There is one big mistake in this argumentation, though.
You can measure the elo gain and be happy with it, but only with this, you have no clue whether your smp implementation is performing at a top, medium or low level.
To know this, you have to do some other measurements. For instance, time to depth, nodes per second, idle time of the threads, etc.

Did you know before TCEC that SF's nps is (maybe) somewhat low compared to Komodo's in the endgame on 16 cores? No? Elo doesn't tell you that? What a pity ...

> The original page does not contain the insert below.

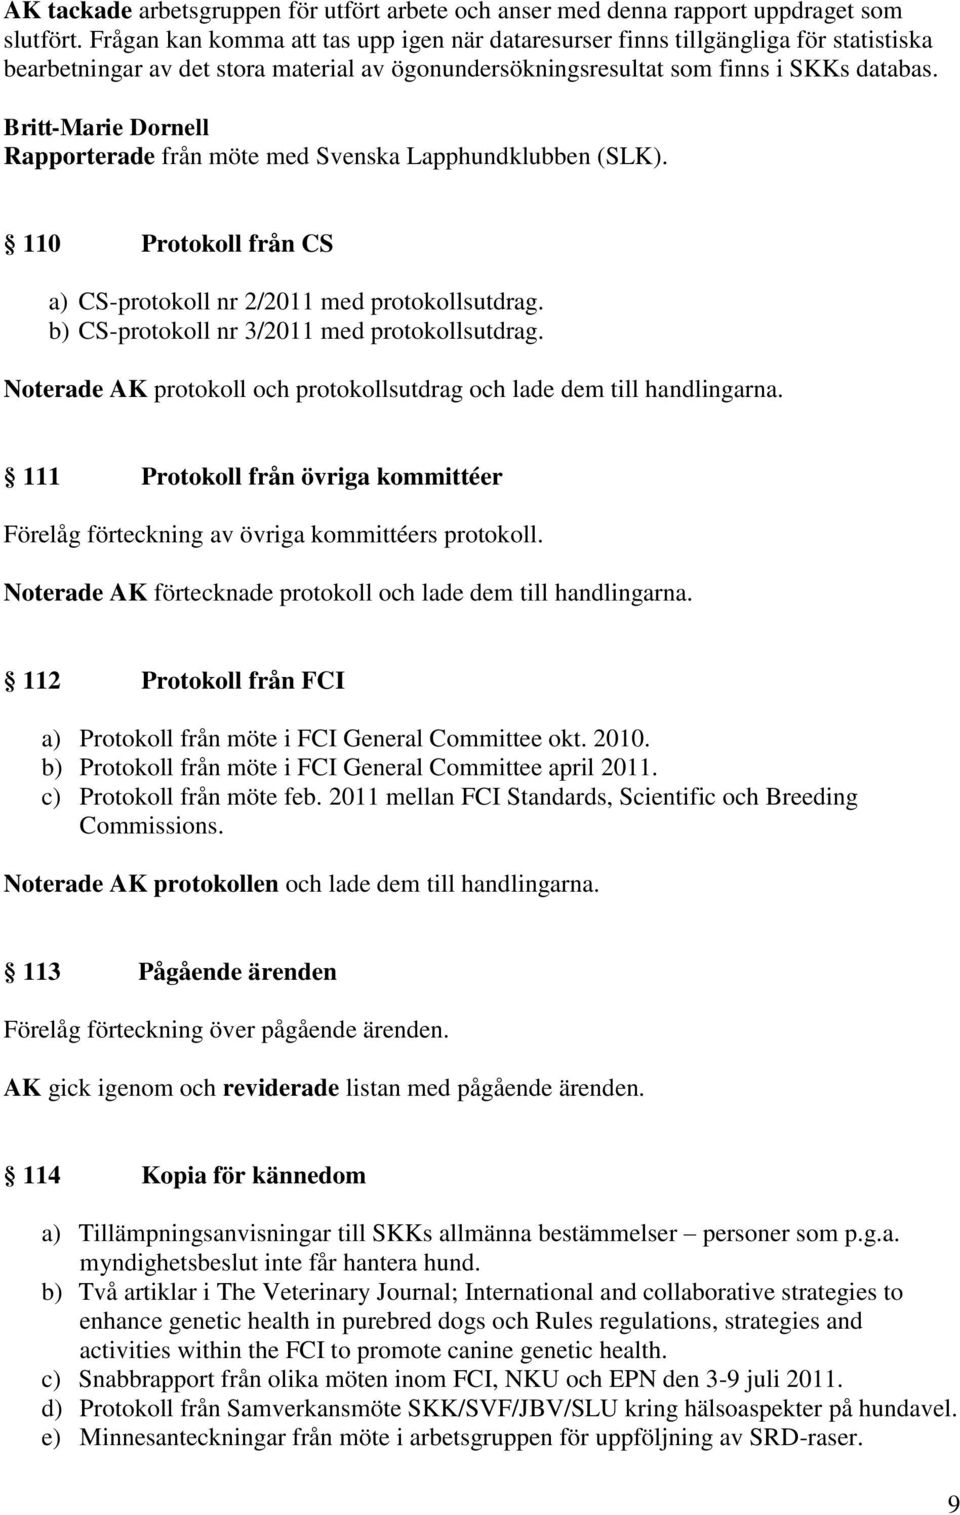 Britt-Marie Dornell Rapporterade från möte med Svenska Lapphundklubben (SLK). 110 Protokoll från CS a) CS-protokoll nr 2/2011 med protokollsutdrag. b) CS-protokoll nr 3/2011 med protokollsutdrag.

Of course, gaining playing strength is the main goal. Nobody denies this.
Perhaps it would be interesting to have a SF that reports the idleness of the search threads, say as a percentage of the total search time. Or some similar core measurement of the parallel implementation.
That's the first step to solving any of these kinds of problems, proper instrumentation. If it is expensive to compute, make it something that can be compiled out for real games, compiled in for testing and improving.

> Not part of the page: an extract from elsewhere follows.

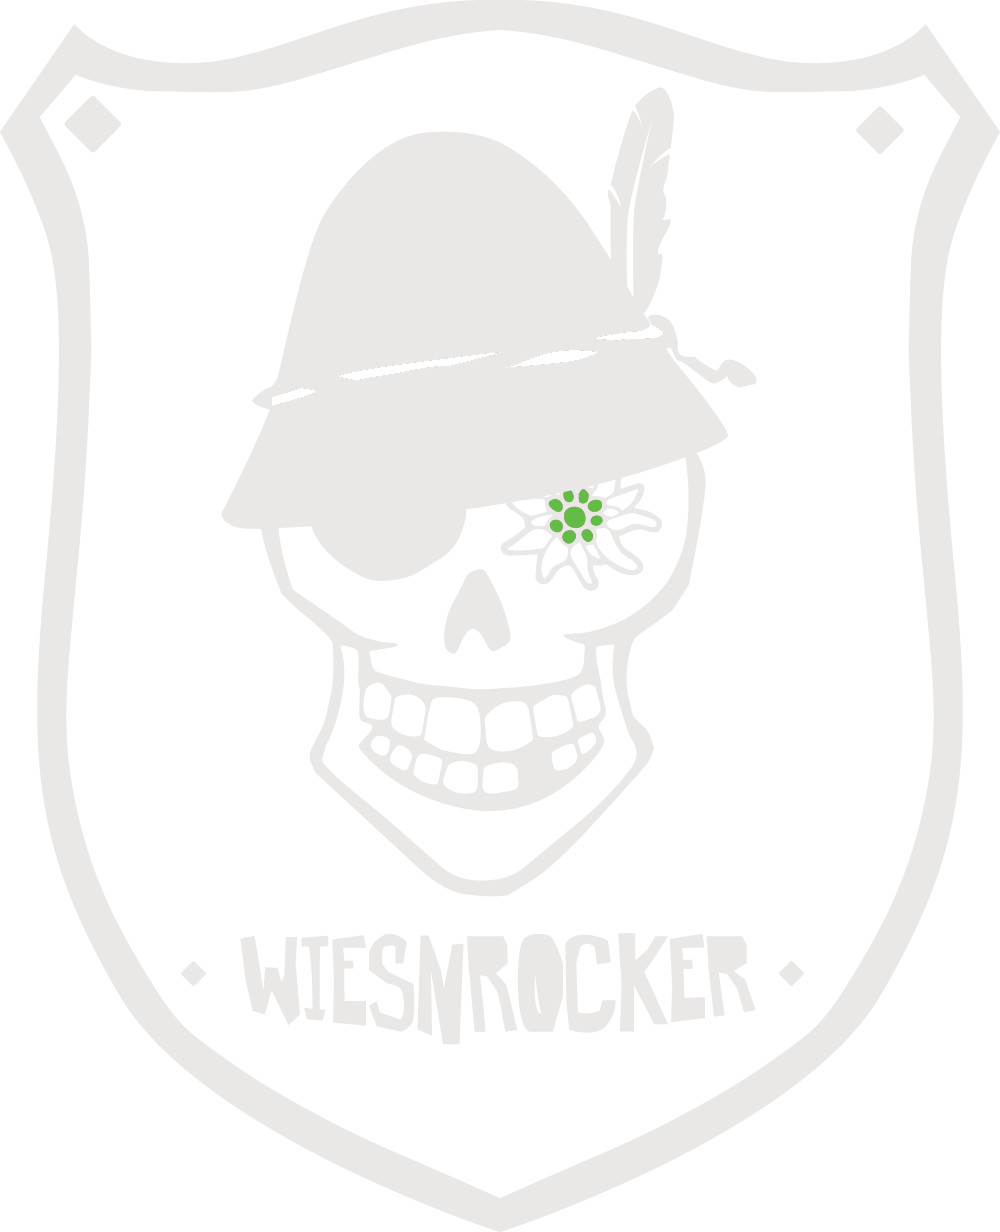 (c) Wiesnrocker.com

I added the "cpu %" number in Crafty so I could see exactly that and determine whether the performance issues might be the actual parallel search waiting time (the % value) or the more problematic cache/memory issues that can't easily be measured.
User avatar
Laskos
Posts: 10948
Joined: Wed Jul 26, 2006 10:21 pm
Full name: Kai Laskos

Re: Stockfish still scales poorly?

Post by Laskos »

syzygy wrote:
And this was on 5 minute searches. On shorter searches the numbers most likely look much worse. Now I don't think it is important at all to have good 16-core performance at very short time controls (but note that this means that the reliability of testing smp changes at such time controls is extremely doubtful.. I would not be surprised if 8-core SF outperforms 16-core SF in the testing framework), but doing well at 30 second searches or so does seem to be worth something.
Short TC are surely doubtful in measuring both NPS and effective speed-up scaling with threads. I plotted 1->4 cores Hodini 3 results more than a year ago:
Image

Both NPS and effective speed-up (time-to-depth or TTD for Houdini, but not for Komodo) are better used as notions for reasonable to long TC.
bob
Posts: 20943
Joined: Mon Feb 27, 2006 7:30 pm
Location: Birmingham, AL

Re: Stockfish still scales poorly?

Post by bob »

Laskos wrote:
syzygy wrote:
And this was on 5 minute searches. On shorter searches the numbers most likely look much worse. Now I don't think it is important at all to have good 16-core performance at very short time controls (but note that this means that the reliability of testing smp changes at such time controls is extremely doubtful.. I would not be surprised if 8-core SF outperforms 16-core SF in the testing framework), but doing well at 30 second searches or so does seem to be worth something.
Short TC are surely doubtful in measuring both NPS and effective speed-up scaling with threads. I plotted 1->4 cores Hodini 3 results more than a year ago:
Image

Both NPS and effective speed-up (time-to-depth or TTD for Houdini, but not for Komodo) are better used as notions for reasonable to long TC.
I like the plot because it makes the point I have been after all along here recently, NPS is an upper bound on SMP speedup. The close the SMP and NPS speedups get, the better the SMP search is working. The bigger the NPS speedup, the better the program works with the existing hardware being used.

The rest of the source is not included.